Crosstem uses Breadth-First Search (BFS) to find the morphological root:

Start at the input word
Explore all words it derives from (direct parents)
Score each candidate based on linguistic features
Continue traversing until reaching the best root
Maximum depth: 3 hops

Multi-Hop Example

"organizational" (adjective)
     ↓ hop 1
"organization" (noun)
     ↓ hop 2
"organize" (verb) ← ROOT FOUND

This 2-hop traversal is impossible for single-pass suffix strippers.

Scoring Function

At each hop, candidates are scored based on three factors:

Word Length (shorter = better)
- Penalty: +2 points per hop depth
- Rationale: Roots tend to be shorter than derivatives
Part of Speech (verbs = roots)
- Verbs: -10 points (strong preference)
- Nouns: -5 points (moderate preference)
- Rationale: Many derivations start from verbal roots
Productivity (high derivatives = real root)
- Must exceed language-specific threshold
- Filters out archaic/rare words
- Example: “run” (33 derivatives) vs “hap” (8 derivatives)

Scoring Example

Candidate: "organize" (verb, 13 derivations)
- Length penalty: +2 (depth 2)
- POS bonus: -10 (verb)
- Productivity: ✓ passes threshold (≥5 for English verbs)
- Final score: -8 (lower is better)

Candidate: "hap" (noun, 8 derivations)
- Length penalty: +2 (depth 2)
- POS bonus: -5 (noun)
- Productivity: ✗ fails threshold (≥9 for English nouns)
- Result: FILTERED OUT

Productivity Thresholds

Different languages have different morphological productivity.

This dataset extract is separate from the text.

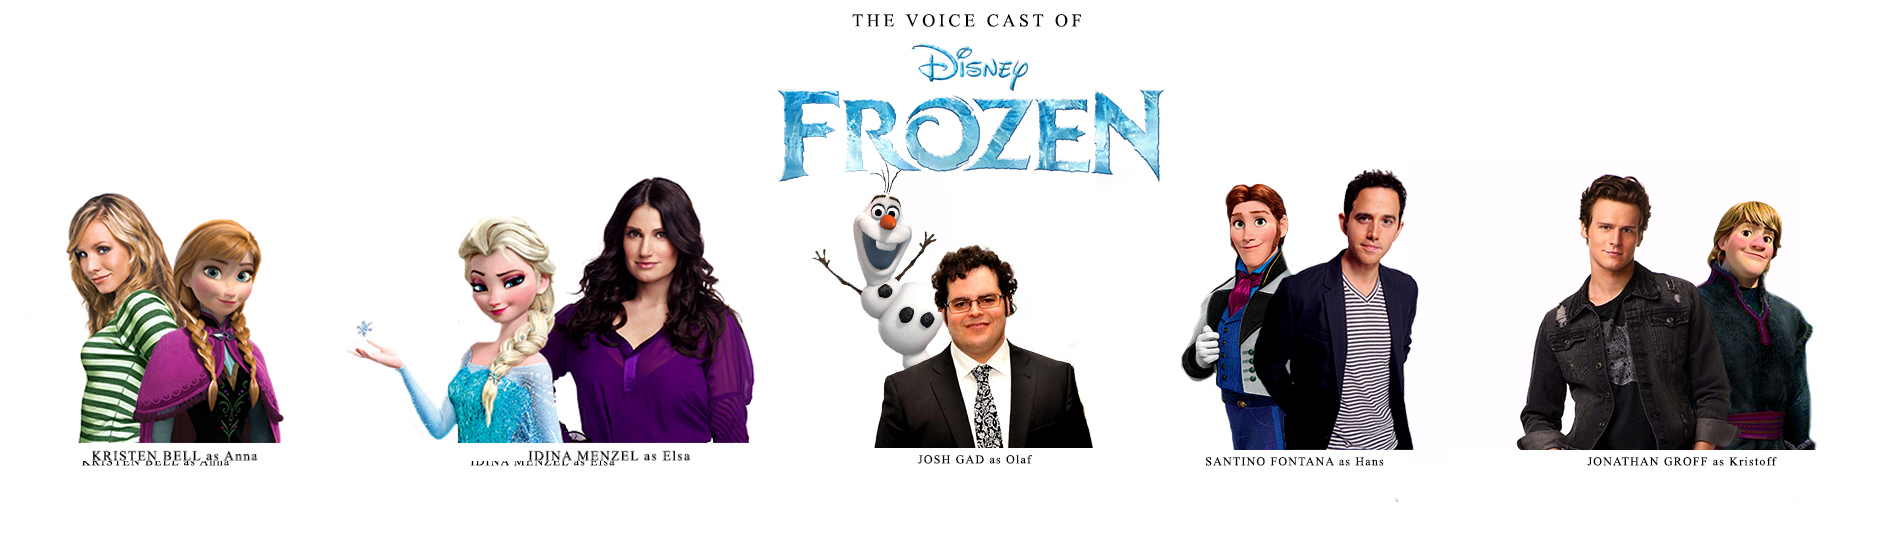 Semua pengisi suara asli akan kembali untuk mengisi masing-masing karakter Frozen.

Thresholds are calibrated per language:

English (Rich Morphology)

Verbs: ≥5 derivations
Nouns: ≥9 derivations
Rationale: English has extensive derivational morphology

French/Italian (Moderate)

Verbs: ≥4 derivations
Nouns: ≥5 derivations
Rationale: Romance languages have moderate productivity

Russian/Slavic (Low)

Verbs: ≥3 derivations
Nouns: ≥2-3 derivations
Rationale: Slavic morphology relies more on inflection than derivation

German (Compound-Heavy)

Verbs: ≥4 derivations
Nouns: ≥3 derivations
Rationale: German uses compounding more than derivation

Why Faster Than Porter?

Porter Stemmer

Applies regex rules sequentially on every character
Multiple conditional branches
String manipulation at each step
~90,000 words/second

Crosstem

Hash table lookup (O(1) average case)
Pre-computed graph stored in memory
No regex, no string manipulation
Just dictionary access + BFS traversal
~547,000 words/second

Result: 6× faster while being more accurate

Algorithm Pseudocode

function find_root(word, language):
    graph = load_graph(language)

    if word not in graph:
        return word  # Unknown word, return as-is

    queue = [(word, 0)]  # (word, depth)
    visited = set()
    best_candidate = word
    best_score = infinity

    while queue:
        current, depth = queue.pop(0)

        if depth > MAX_DEPTH:
            break

        for parent in graph[current].derives_from:
            if parent in visited:
                continue

            visited.add(parent)

            # Check productivity threshold
            if not meets_productivity(parent, language):
                continue

            # Score candidate
            score = calculate_score(parent, depth)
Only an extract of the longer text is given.